If the United States allows Turkey to attack Manbij, that will be our fate, too.

Unfortunately, it seems that global powers are still willing to play Turkey’s games. Mr. Erdogan’s “road map” for Manbij does not serve and reflect the interests of its people. He also proposes the establishment of a “safe zone” in the wake of an American withdrawal, a plan that Mr. Trump appears to have, in some form, agreed to.

We are not opposed to the concept of a safe zone. We believe that it is possible for the United States to withdraw its forces from our region without abandoning our people. However, we will not accept any Turkish incursion into the areas we have liberated, no matter the words used to describe it.

Any “safe zone” in northeast Syria must be guaranteed by international forces and not by the Turkish troops and jihadist militias massing at our borders. An international safe zone would ensure that Turkey’s borders are protected, without subjecting the people of northeast Syria to the mercy of Mr. Erdogan’s proxies. It would also facilitate the continuing reconstruction efforts taking place in our region, which are key to peace and stability.

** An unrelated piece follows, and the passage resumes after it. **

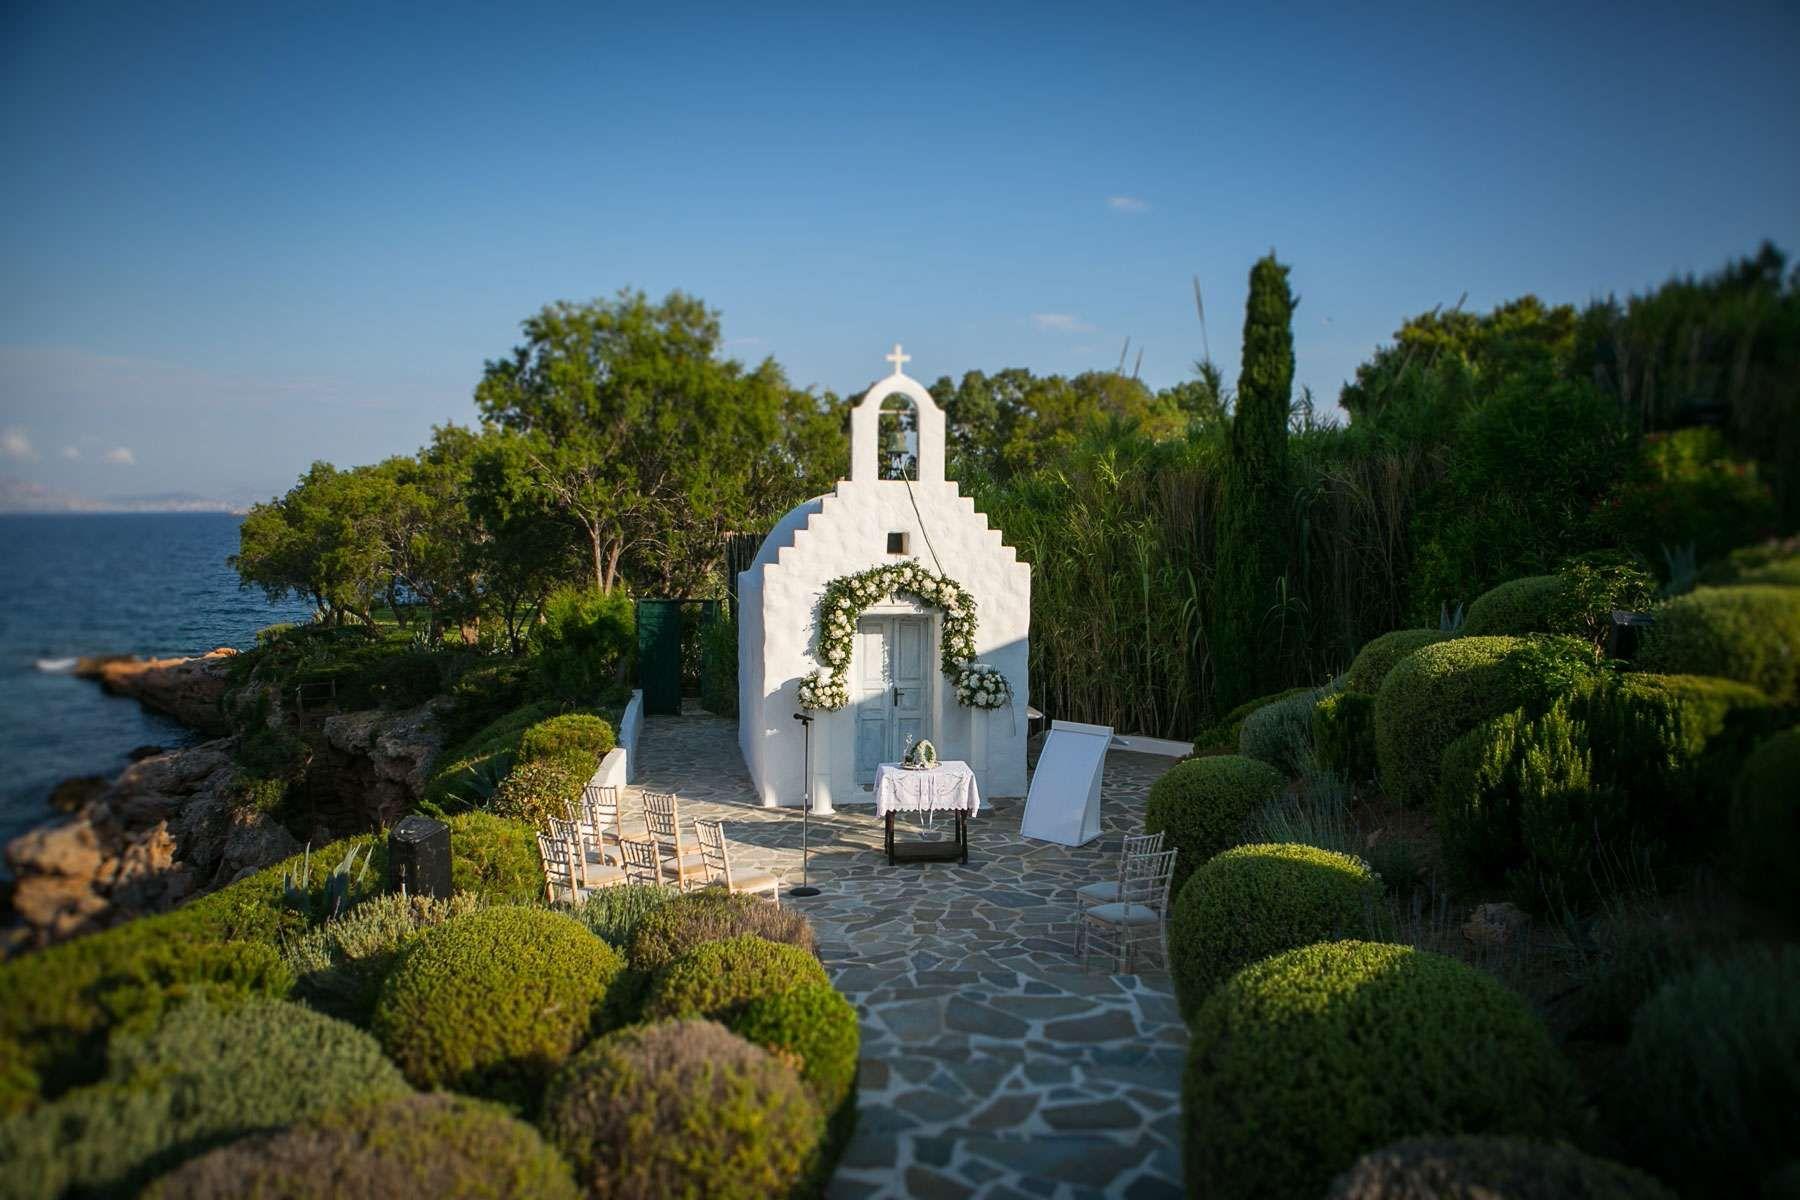 Romantic Wedding by the sea (Island - Athens - Greece ...

And the United States and other members of the coalition must support efforts for a negotiated settlement to the Syrian conflict and ensure that our administration is represented in those talks. Since the beginning of the war, we have fought to build a stable and equal future for all Syrians.

Together with the coalition, we won historic battles in Kobani and Raqqa. Now that the war is coming to an end, we believe that the international forces that fought with our people must play their moral role in securing our dignity, safety and our vision for Syria’s future.

In Manbij, where ISIS once planned attacks against the West, children now grow up in a world free from fear. The world has a responsibility to ensure that their future continues to be safe, secure and peaceful. We ask our partners to rise to the occasion for this last moral task.